The behaviors AI models reproduce most often for yacht broker are recommends hiring a professional (82.2% on average), gives selection criteria (42.2%) and warns about red flags or scams (37.8%); the rarest are recommends multiple quotes (4.5%), mentions case studies or portfolio (6.7%) and names a specific provider (6.7%). Each figure below is the share of a model's 15 answers in which the behavior appeared at least once, averaged across the 3 models with the full per-model range in parentheses:

  • Recommends hiring a professional: 82.2% on average (ChatGPT 100%, Claude 80%, Gemini 66.7%) — a 33-point spread.
  • Gives selection criteria: 42.2% on average (ChatGPT 40%, Claude 53.3%, Gemini 33.3%) — a 20-point spread.
  • Warns about red flags or scams: 37.8% on average (ChatGPT 33.3%, Claude 46.7%, Gemini 33.3%) — a 13-point spread.
  • Asks a clarifying question: 33.3% on average (ChatGPT 40%, Claude 60%, Gemini 0%) — a 60-point spread.
  • Gives price or cost information: 28.9% on average (ChatGPT 13.3%, Claude 26.7%, Gemini 46.7%) — a 33-point spread.
  • Mentions local proximity: 22.2% on average (ChatGPT 46.7%, Claude 13.3%, Gemini 6.7%) — a 40-point spread.
  • Tells the buyer to verify credentials: 17.8% on average (ChatGPT 20%, Claude 20%, Gemini 13.3%) — a 7-point spread.
  • Suggests a DIY approach first: 15.6% on average (ChatGPT 26.7%, Claude 20%, Gemini 0%) — a 27-point spread.
  • Tells the buyer to check reviews: 8.9% on average (ChatGPT 20%, Claude 6.7%, Gemini 0%) — a 20-point spread.
  • Names a specific provider: 6.7% on average (ChatGPT 0%, Claude 0%, Gemini 20%) — a 20-point spread.
  • Mentions case studies or portfolio: 6.7% on average (ChatGPT 20%, Claude 0%, Gemini 0%) — a 20-point spread.
  • Recommends multiple quotes: 4.5% on average (ChatGPT 6.7%, Claude 6.7%, Gemini 0%) — a 7-point spread.

Trust signals

How well the models protect the yacht broker buyer.

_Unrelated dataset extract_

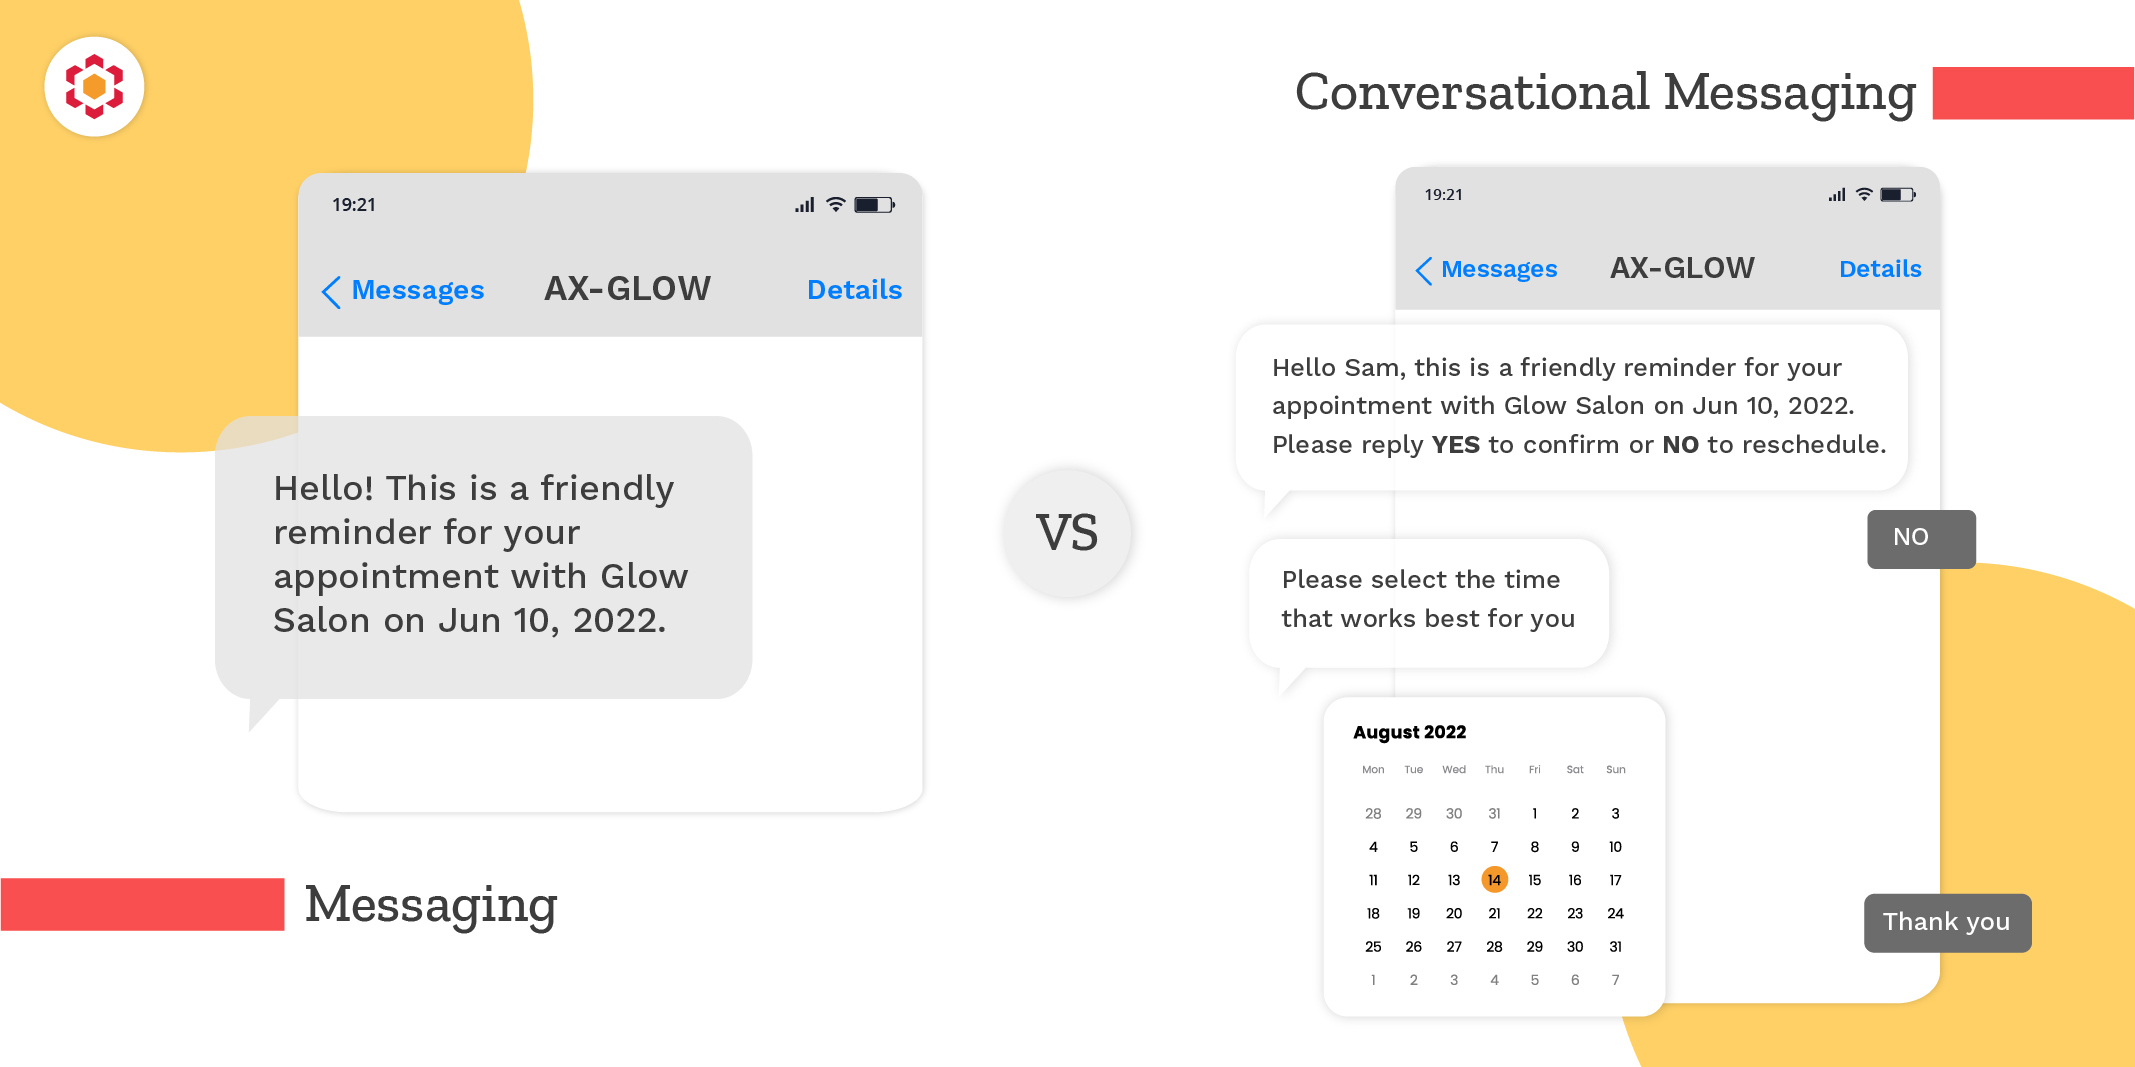 Conversational Messages vs one-way messages

Beyond whether to hire, the rubric codes how carefully each assistant protects the yacht broker buyer once a decision is made. Telling the buyer to check reviews or ratings appeared in 8.9% of answers on average. Verifying credentials or certifications appeared in 17.8%. Warning about red flags or scams appeared in 37.8%.

On structuring the decision, a selection-criteria checklist showed up in 42.2% of answers on average and a recommendation to gather multiple quotes in 4.5%. The single least-reproduced protective signal for yacht broker is "recommends multiple quotes" at 4.5% on average — the clearest opening for content that supplies it, since the models are not yet reliably surfacing that guidance on their own.

Referral behavior

Do AI models name Yacht Broker providers?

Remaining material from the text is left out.